No me extraña que con estos apellidos tan rimbombantes que tenía el tal ingeniero este, el guarda, no se quedara impresionado cuando le vio aparecer, y encima va, y le suelta el palabro. Aunque yo conozco a uno, que decía que las truchas que el cogía eran totalmente "autonomas"

Un saludo SOROS

Soros dijo...

Lo de ponerles apellidos así a los personajes es un modo de, en pocas palabras, hacer que quien lo lea se haga una idea de lo pijo que podía ser el señor.
De gente que anda soltando por ahí todas las palabras que oye aunque no las entienda está el mundo lleno.
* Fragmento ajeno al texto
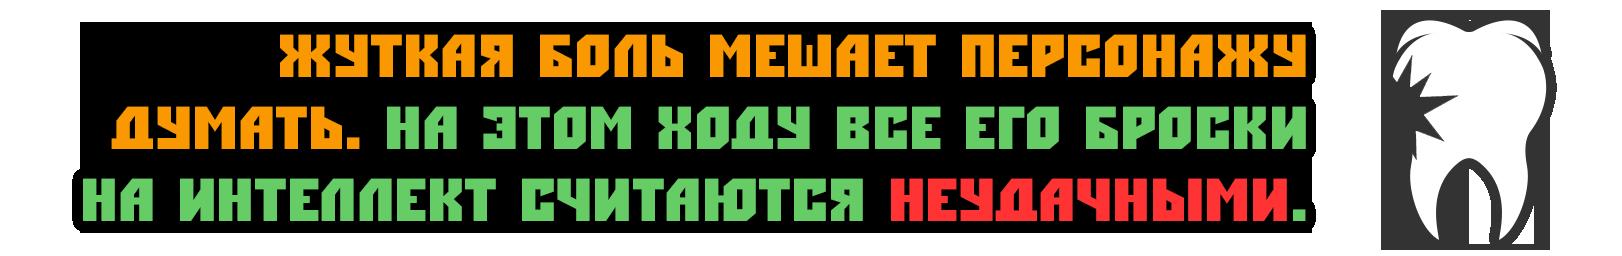 Тест боевой системы - Страница 2 O4ki_Urona_Zhutkaja_bol_Forum_Vova_5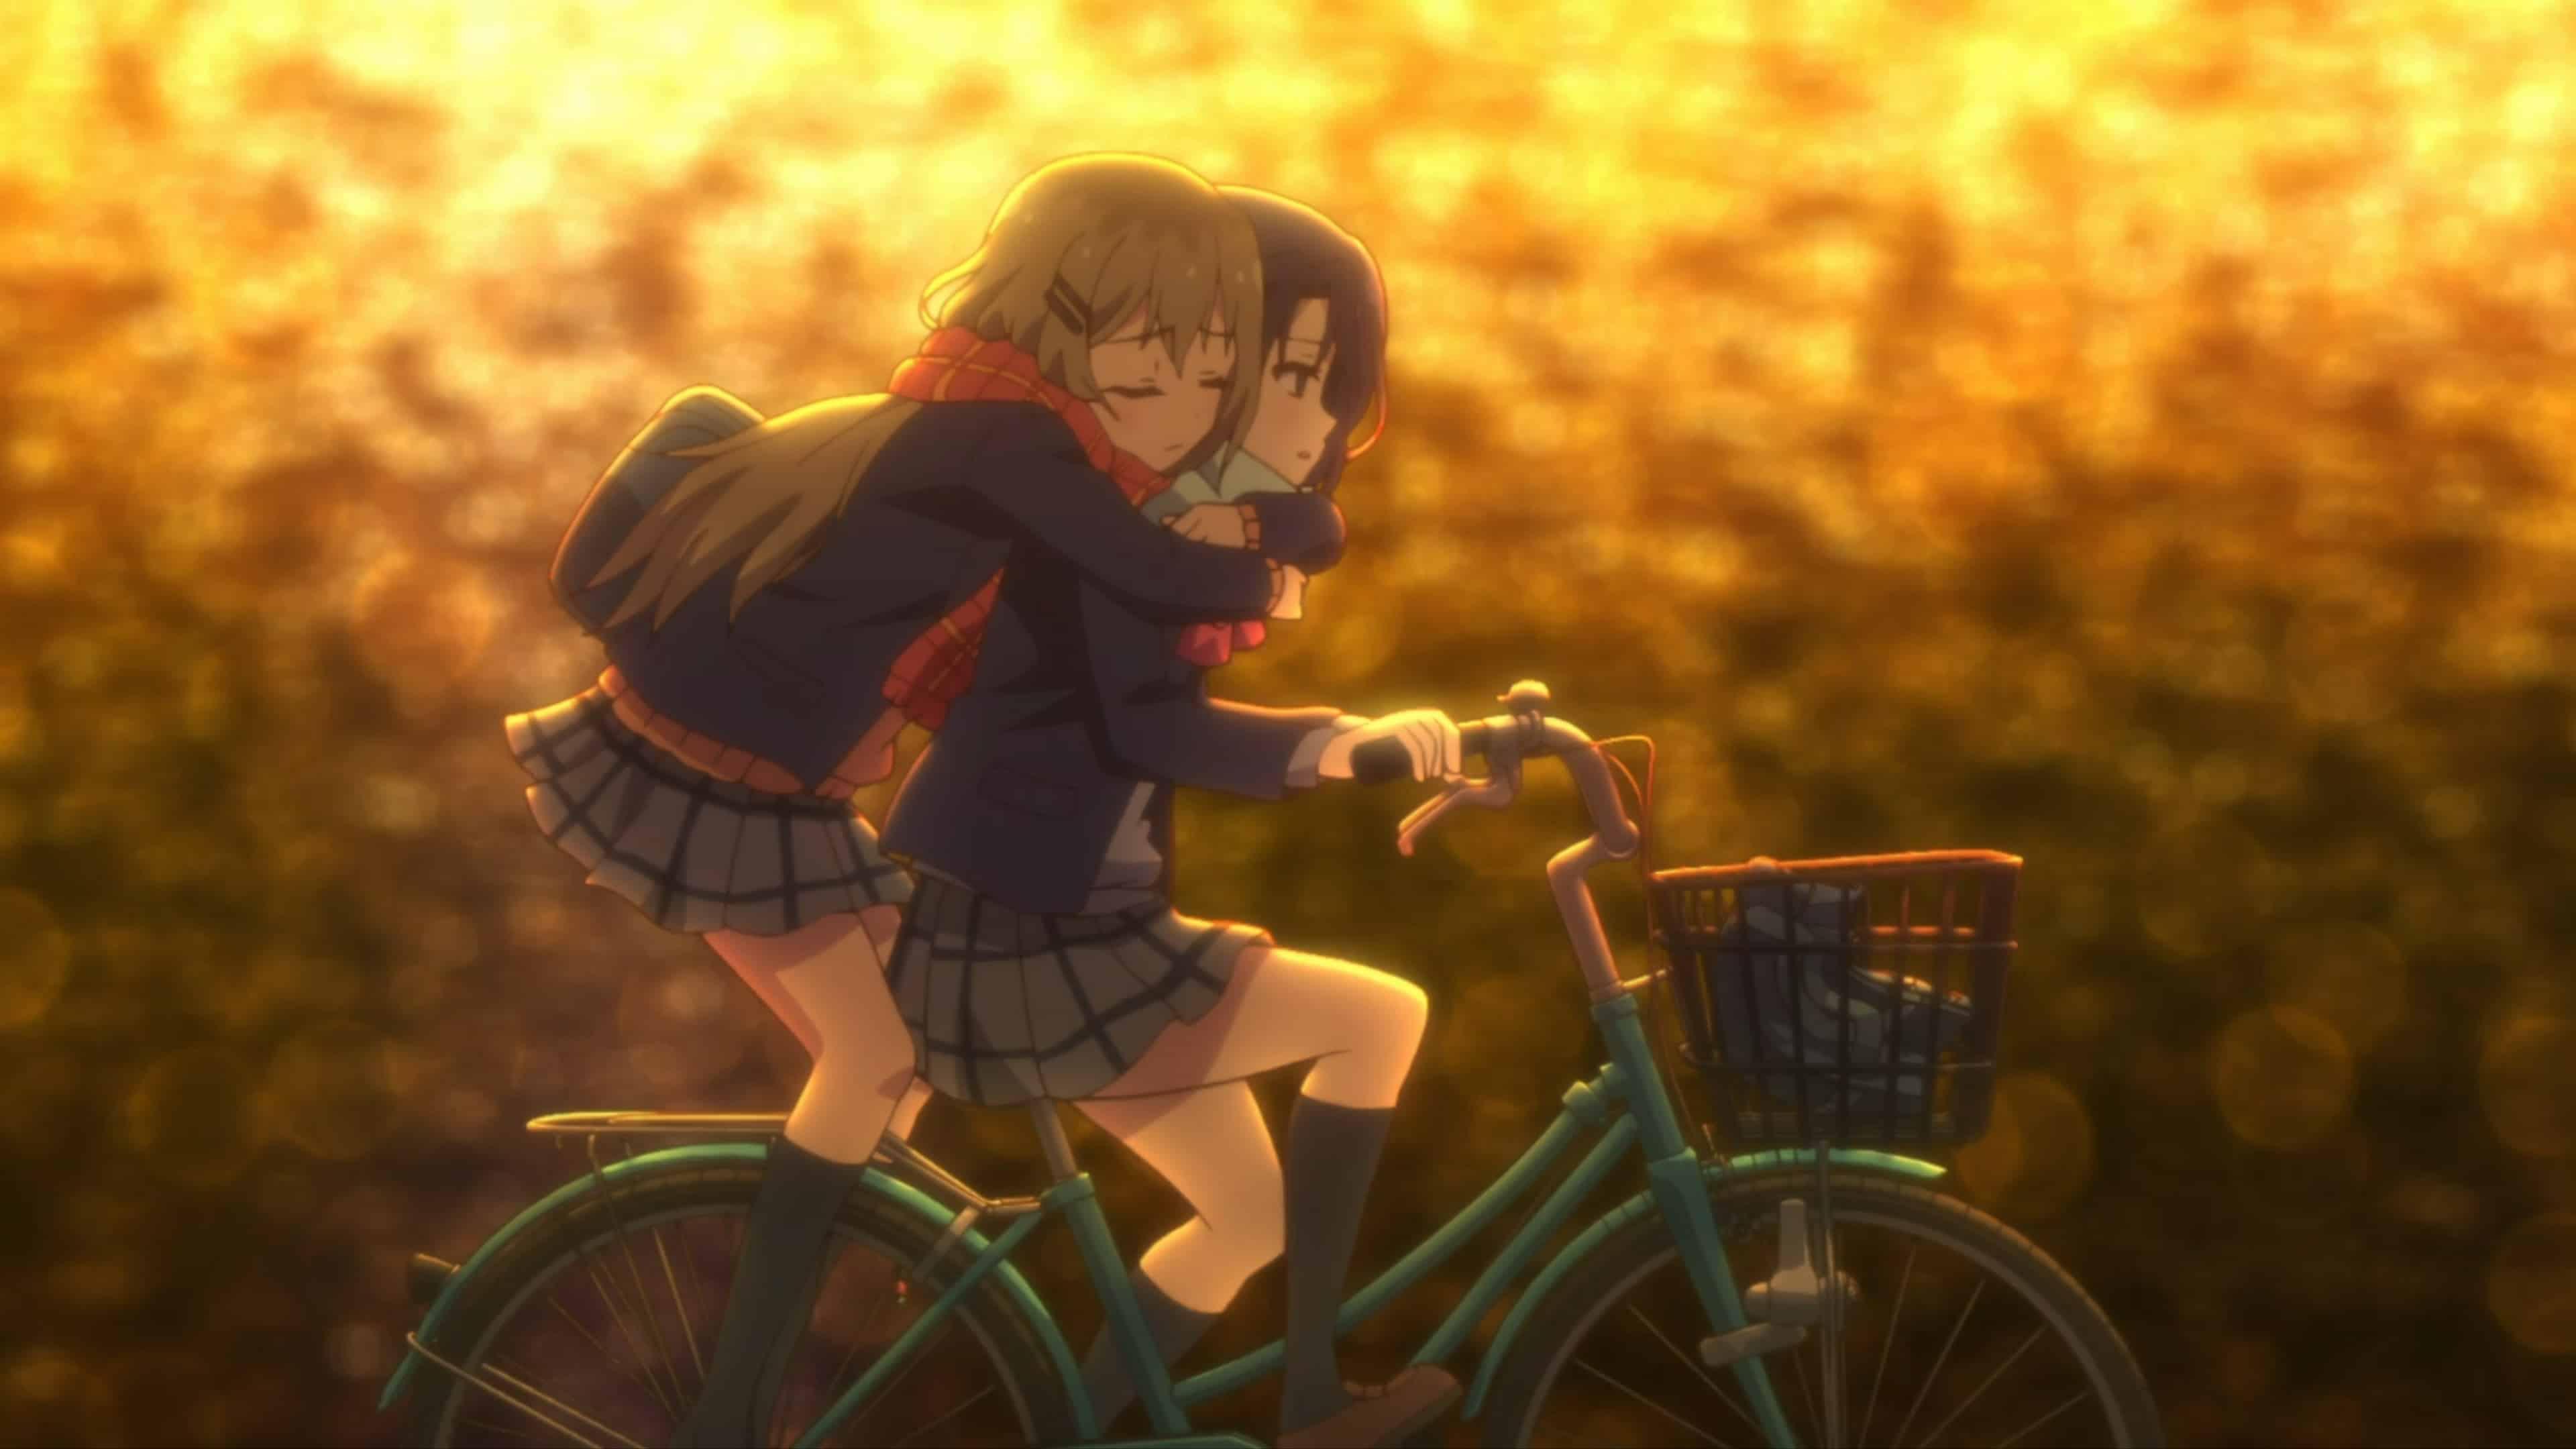 Shimamura on the back of Adachi's bike

Así que los humildes se creen también en la obligación de hacerlo y así pasa lo que pasa, que terminan pescando truchas autónomas, por ejemplo, o comentando que los árabes y los israelitas reanudan las hostialidades...
Un abrazo y gracias por tus comentarios, Isidro.

Piel de letras dijo...

¿Snobismos?

Bueno, debe haber gente por ahí muy bruta para hablar sin usar palabrejas elegantonas. Digo... pudiera ser. ¿no?

Soros dijo...

Tal vez el problema se da cuando se utiliza aposta el lenguaje para marcar diferencias entre personas.